When the baidu server receives the request at this time, it will check the parameters and cookie information of the request, and then conduct some operations, such as storing the data and obtaining the data to be requested from the database.

7. Baidu server returns AN HTML response


After being processed by baidu server, baidu server will return data to the browser. In this case, a Response Headers will be sent to the browser:

Bdpagetype:1 Bdqid:0xddf2be49000b5995 Bduserid:0 Cache-Control:private Connection:Keep-Alive Content-Encoding:gzip Content-Type:text/html; charset=utf-8 Cxy_all:baidu+09720a4fa84e5493ae7506a57de6bc05 Date:Sat, 14 Oct 2017 09:39:32 GMT Expires:Sat, 14 Oct 2017 09:39:32 GMT Server:BWS/1.1 SET-cookie :BDSVRTM=49; path=/ Set-Cookie:BD_HOME=0; path=/ Set-Cookie:H_PS_PSSID=1440_13551_21103_24658; path=/; domain=.baidu.com Strict-Transport-Security:max-age=172800 Transfer-Encoding:chunked Vary:Accept-Encoding X-Powered-By:HPHP X-Ua-Compatible:IE=Edge,chrome=1Copy the code


Response Headers specifies whether or not to cache the page, how to interpret the Response information, cookie Settings, privacy information, etc.

Among them

  • Content-encoding: Gzip tells the browser that the entire response body is compressed using the GZIP algorithm.
  • Content-Type:text/html; Charset = UTF-8 tells the browser to render the content of the response in HTML with utF-8 character set.
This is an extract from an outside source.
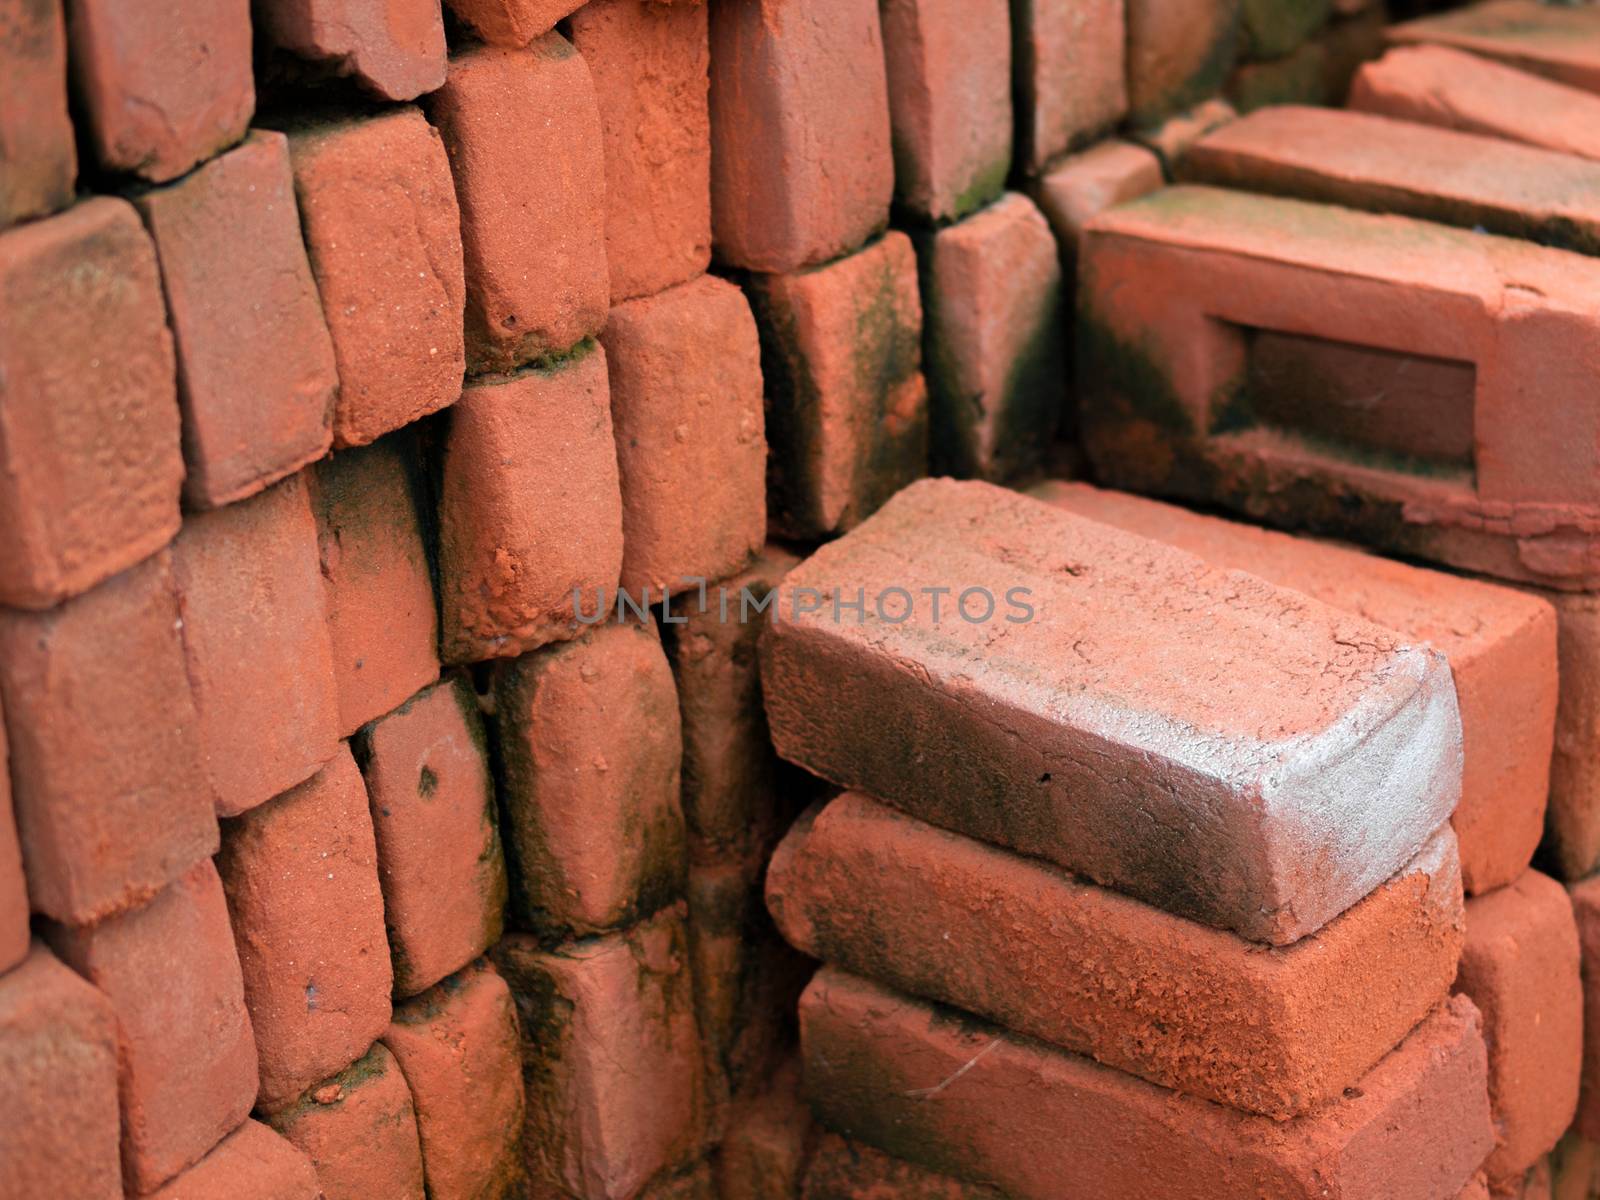 COLOR PHOTO OF PILE OF RED CLAY BRICKS

8. Display baidu page in Chrome

At this time, Chrome browser gets the response content and starts to display the HTML page of Baidu. When the browser displays, it finds that it needs to obtain other tag content, such as images, CSS style sheets, JavaScript files. Therefore, the browser will continue to send requests for these static files to baidu server. Baidu will cache them and distribute them using content Distribution Network (CDN), so these static files are backed up in many CDN data centers, so the browser can get these static files quickly.
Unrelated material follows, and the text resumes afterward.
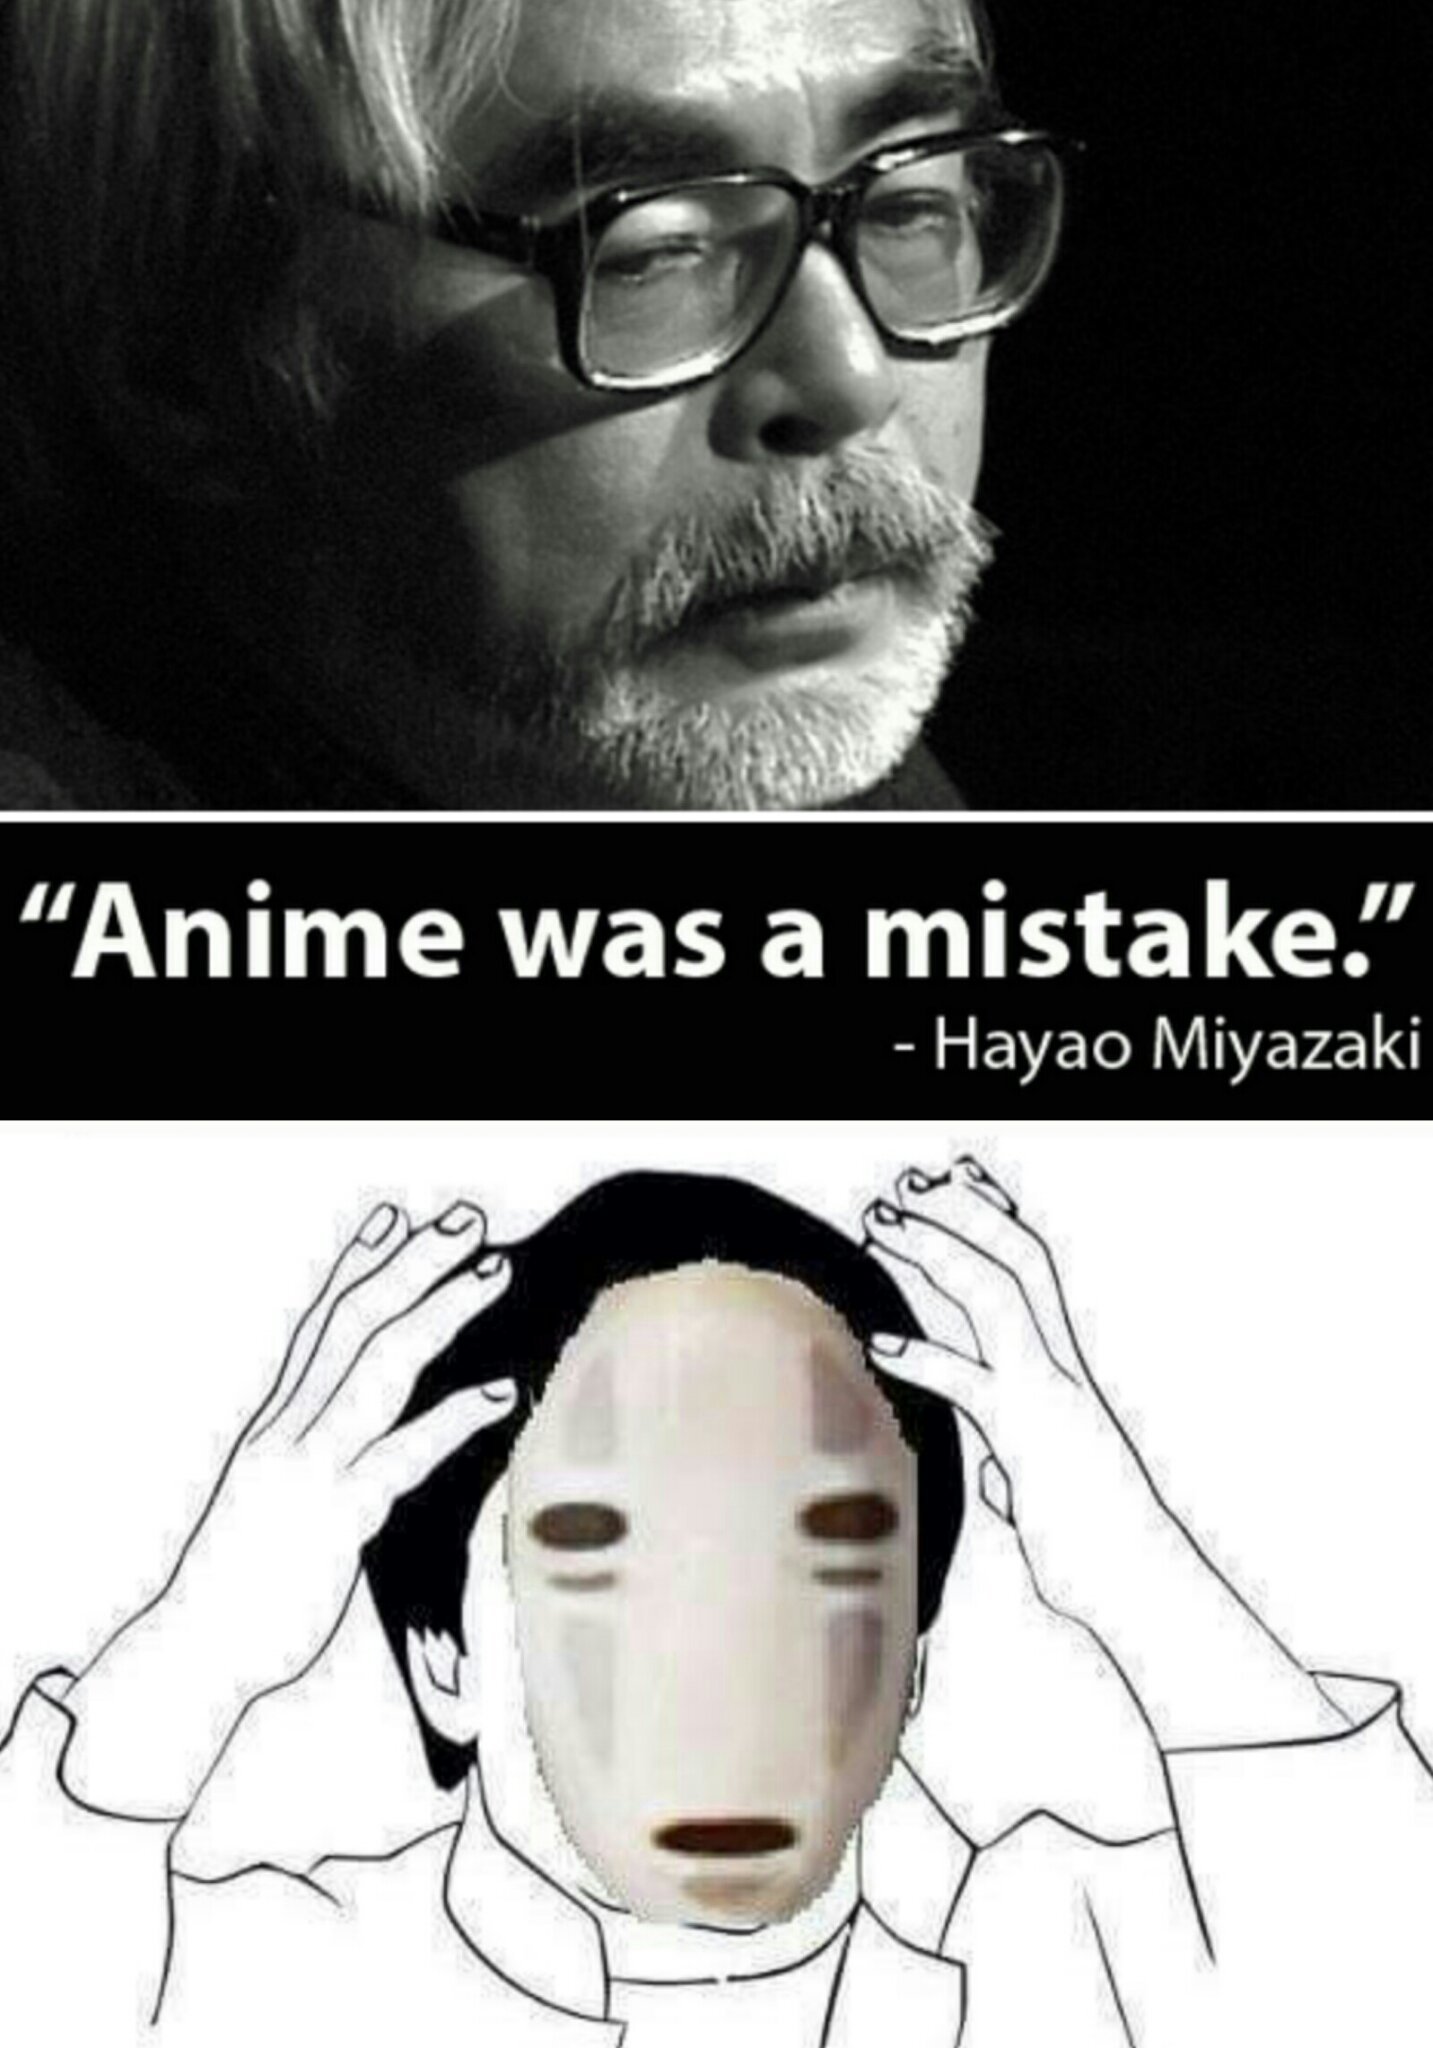 Lets a game for anime haters. Comment a reason why you hate anime in the  comment section. - Meme by Kingzieh_Yeager :) Memedroid

To complete the display of the page bar:


Of course, this is just a brief introduction, so that you have a clear understanding, if you are interested in networking, to understand the composition of computer networks, what is message, what is packet switching, how to shake hands and the relationship between the layers, such as the physical layer, the data link layer, the transport layer and so on.